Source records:

#####

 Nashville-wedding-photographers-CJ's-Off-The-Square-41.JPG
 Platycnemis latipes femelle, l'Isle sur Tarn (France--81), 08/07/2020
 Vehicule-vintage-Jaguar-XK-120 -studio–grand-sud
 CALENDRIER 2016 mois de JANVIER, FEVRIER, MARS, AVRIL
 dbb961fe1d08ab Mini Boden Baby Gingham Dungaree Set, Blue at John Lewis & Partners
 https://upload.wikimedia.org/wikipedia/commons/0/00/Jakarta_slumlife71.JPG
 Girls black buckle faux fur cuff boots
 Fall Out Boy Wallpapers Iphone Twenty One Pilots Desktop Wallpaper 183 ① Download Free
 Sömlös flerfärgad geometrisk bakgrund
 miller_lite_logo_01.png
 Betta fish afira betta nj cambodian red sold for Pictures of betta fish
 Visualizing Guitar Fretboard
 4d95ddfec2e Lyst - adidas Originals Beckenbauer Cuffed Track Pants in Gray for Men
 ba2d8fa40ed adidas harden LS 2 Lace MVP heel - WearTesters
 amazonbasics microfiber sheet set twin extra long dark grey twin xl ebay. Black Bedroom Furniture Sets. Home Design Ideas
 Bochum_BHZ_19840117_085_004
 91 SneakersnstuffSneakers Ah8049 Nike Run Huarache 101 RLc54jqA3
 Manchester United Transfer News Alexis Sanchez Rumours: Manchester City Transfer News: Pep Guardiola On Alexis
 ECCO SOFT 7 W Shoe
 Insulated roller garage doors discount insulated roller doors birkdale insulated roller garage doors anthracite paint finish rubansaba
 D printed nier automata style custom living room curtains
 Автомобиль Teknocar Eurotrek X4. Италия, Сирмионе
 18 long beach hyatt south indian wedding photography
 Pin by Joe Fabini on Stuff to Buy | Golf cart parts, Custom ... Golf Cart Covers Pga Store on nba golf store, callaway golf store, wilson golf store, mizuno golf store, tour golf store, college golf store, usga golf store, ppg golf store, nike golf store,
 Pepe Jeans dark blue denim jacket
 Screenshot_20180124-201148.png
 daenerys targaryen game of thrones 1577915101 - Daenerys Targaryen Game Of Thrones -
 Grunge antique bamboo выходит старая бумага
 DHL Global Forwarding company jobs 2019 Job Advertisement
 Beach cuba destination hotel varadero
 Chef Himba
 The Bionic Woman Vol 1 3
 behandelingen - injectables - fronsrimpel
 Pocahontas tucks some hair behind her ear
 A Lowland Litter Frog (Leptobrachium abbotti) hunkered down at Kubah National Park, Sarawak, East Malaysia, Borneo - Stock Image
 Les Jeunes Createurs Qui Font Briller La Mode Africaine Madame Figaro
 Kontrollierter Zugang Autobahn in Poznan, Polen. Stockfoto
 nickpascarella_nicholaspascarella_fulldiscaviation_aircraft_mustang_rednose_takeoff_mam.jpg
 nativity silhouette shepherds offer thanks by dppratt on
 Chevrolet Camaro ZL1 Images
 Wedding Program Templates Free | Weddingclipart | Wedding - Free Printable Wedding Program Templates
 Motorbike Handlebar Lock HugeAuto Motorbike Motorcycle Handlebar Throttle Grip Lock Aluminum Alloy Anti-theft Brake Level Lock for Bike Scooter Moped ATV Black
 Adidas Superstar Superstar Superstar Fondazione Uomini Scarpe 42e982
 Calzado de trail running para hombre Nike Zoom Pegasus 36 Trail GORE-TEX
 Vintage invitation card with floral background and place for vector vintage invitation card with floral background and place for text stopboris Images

#####

Where does the string "Free" appear in the records? Copy every line that holds it.

 Fall Out Boy Wallpapers Iphone Twenty One Pilots Desktop Wallpaper 183 ① Download Free
 Wedding Program Templates Free | Weddingclipart | Wedding - Free Printable Wedding Program Templates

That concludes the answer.